Outros termos também utilizados para descrever alterações do olfato incluem disosmia (qualquer redução ou distorção do olfato), cacosmia (para a percepção de um cheiro ruim independente ou não da presença de um estímulo com este cheiro) e euosmia (parosmia agradável a odores selecionados). Tanto 'cacosmia' quanto 'euosmia' fazem parte de uma 'parosmia' (43).

Os déficits de olfato podem ser classificados em três categorias quanto a sua etiologia: perdas condutivas decorrentes da obstrução das vias nasais, danos no neuroepitélio olfativo, caracterizando uma causa neurossensorial, ou disfunção central. Nenhuma destas categorias é mutuamente exclusiva (2). Existe uma tendência em se classificar estas distorções do sentido do olfato como centrais ou periféricas. Isto parte de algumas observações de que certas causas centrais (afecções que comprometam o sistema nervoso central, como tumores do lobo frontal, por exemplo) podem gerar alterações diferentes de causas periféricas (como rinite, ou perda do epitélio nasal por infecção respiratória aguda). Entretanto, essa correlação ainda é assunto de controvérsia (44).

Em alguns casos, o tipo de perda pode orientar a busca da causa. Na etiologia periférica por lesão do epitélio nasal, as distorções olfativas podem ser assimétricas (ou seja, maior, ou única, em uma das narinas) (43).

As alterações olfativas podem ser decorrentes de muitos fatores, sendo que cerca de dois terços destas alterações em forma crônica são decorrentes de infecções em vias aéreas superiores, traumatismo cranioencefálico e desordens dos seios nasais e paranasais. Entre outros importantes fatores que podem influenciar a acuidade olfativa encontram-se a idade, tabagismo, sexo, desordens intracranianas, neoplasias intranasais ou intracranianas, epilepsia, doenças psiquiátricas, entre outras (33).

A disfunção olfativa é uma característica importante encontrada em doenças neurodegenerativas, como a Doença de Parkinson (DP) e a Doença de Alzheimer (DA). A maioria dos pacientes com DP e DA não têm conhecimento deste déficit olfativo, embora ele esteja presente em 85 a 90% dos pacientes em estágio inicial da doença. Há evidências de que a perda olfativa preceda os sintomas clássicos de DP e DA em muitos anos (33).

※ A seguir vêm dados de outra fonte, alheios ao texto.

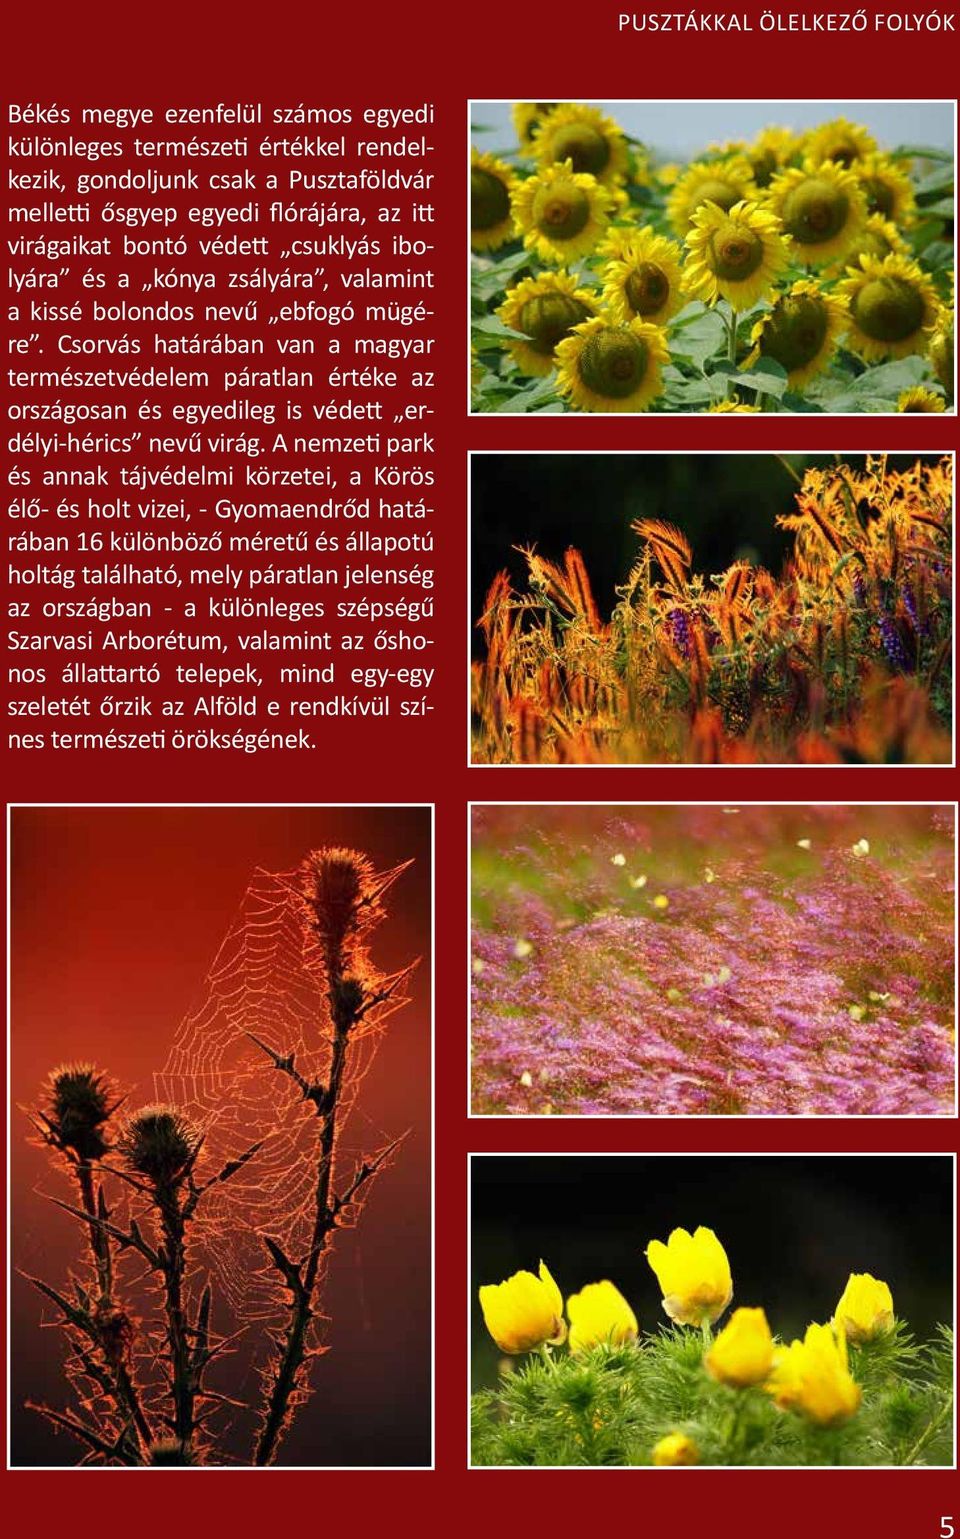 Csorvás határában van a magyar természetvédelem páratlan értéke az országosan és egyedileg is védett erdélyi-hérics nevű virág.
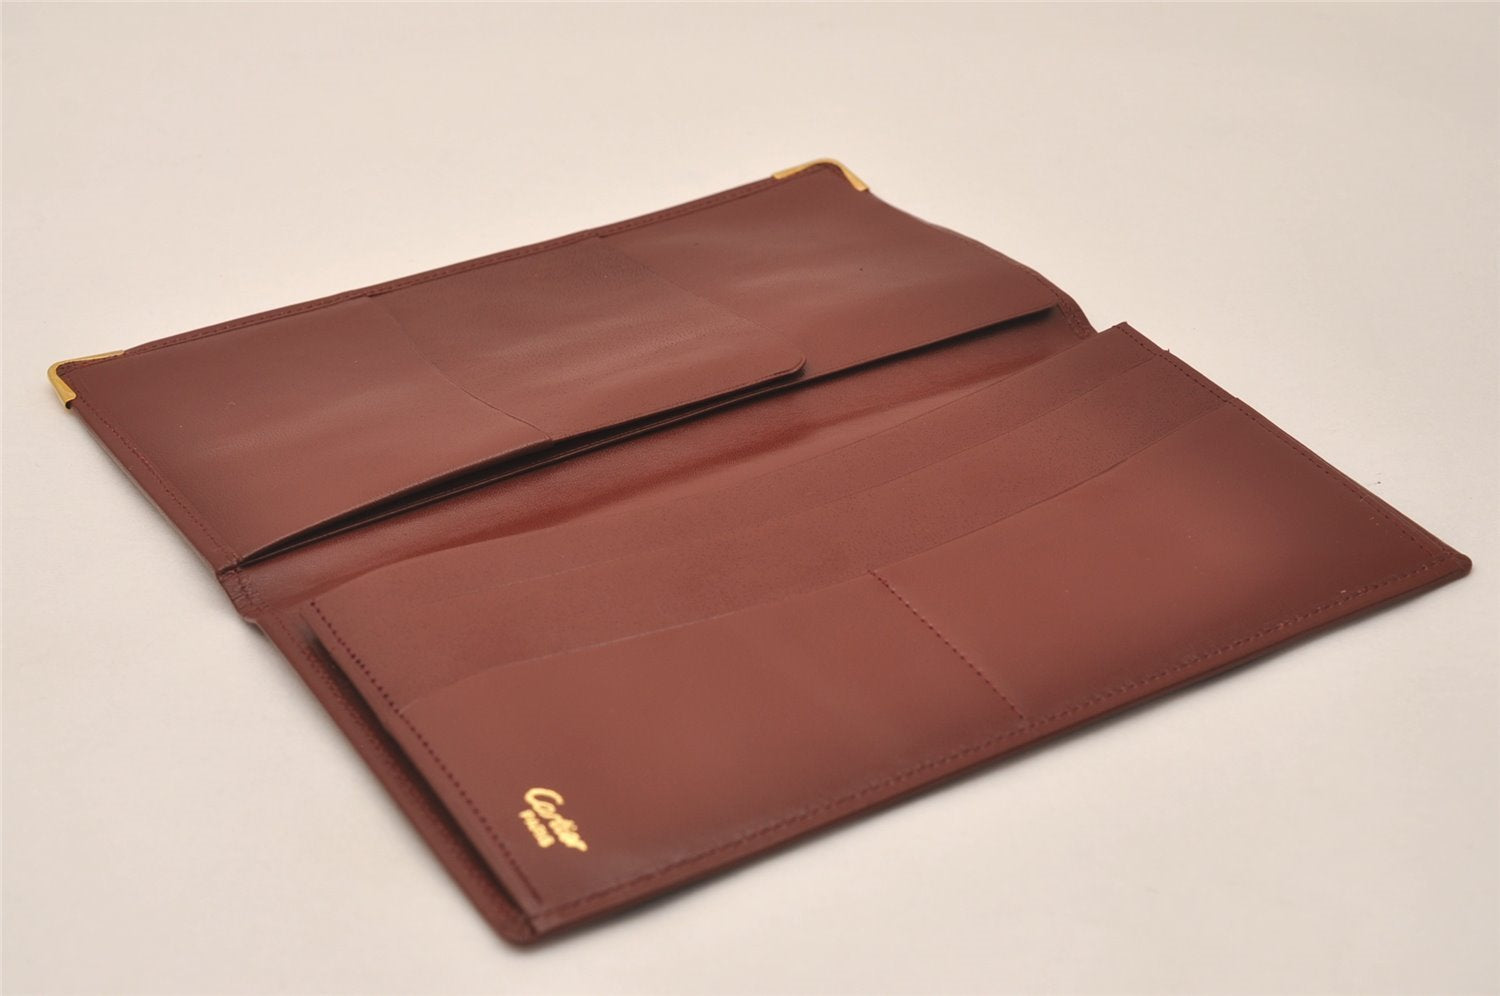 Authentic Cartier Must de Cartier Long Wallet Leather Bordeaux Red Box 8010J

13 3.2.1.1 Correlações anatomoclínicas

Na DP e DA ainda existe uma grande controvérsia sobre a correlação anatomoclínica do déficit olfativo. Isto porque vários estudos mostraram as mais variadas alterações anatômicas nas vias olfativas incluindo atrofia macroscópica, alterações de conectividade, perda neuronal, acúmulos proteicos potencialmente tóxicos (alfa-sinucleína, proteína tau e beta-amilóide, entre outras), e até mesmo aumento de células dopaminérgicas (45–48). Estas alterações foram encontradas tanto em regiões periféricas (epitélio olfativo) como centrais (bulbo, córtex primário e córtex secundário) (49,50).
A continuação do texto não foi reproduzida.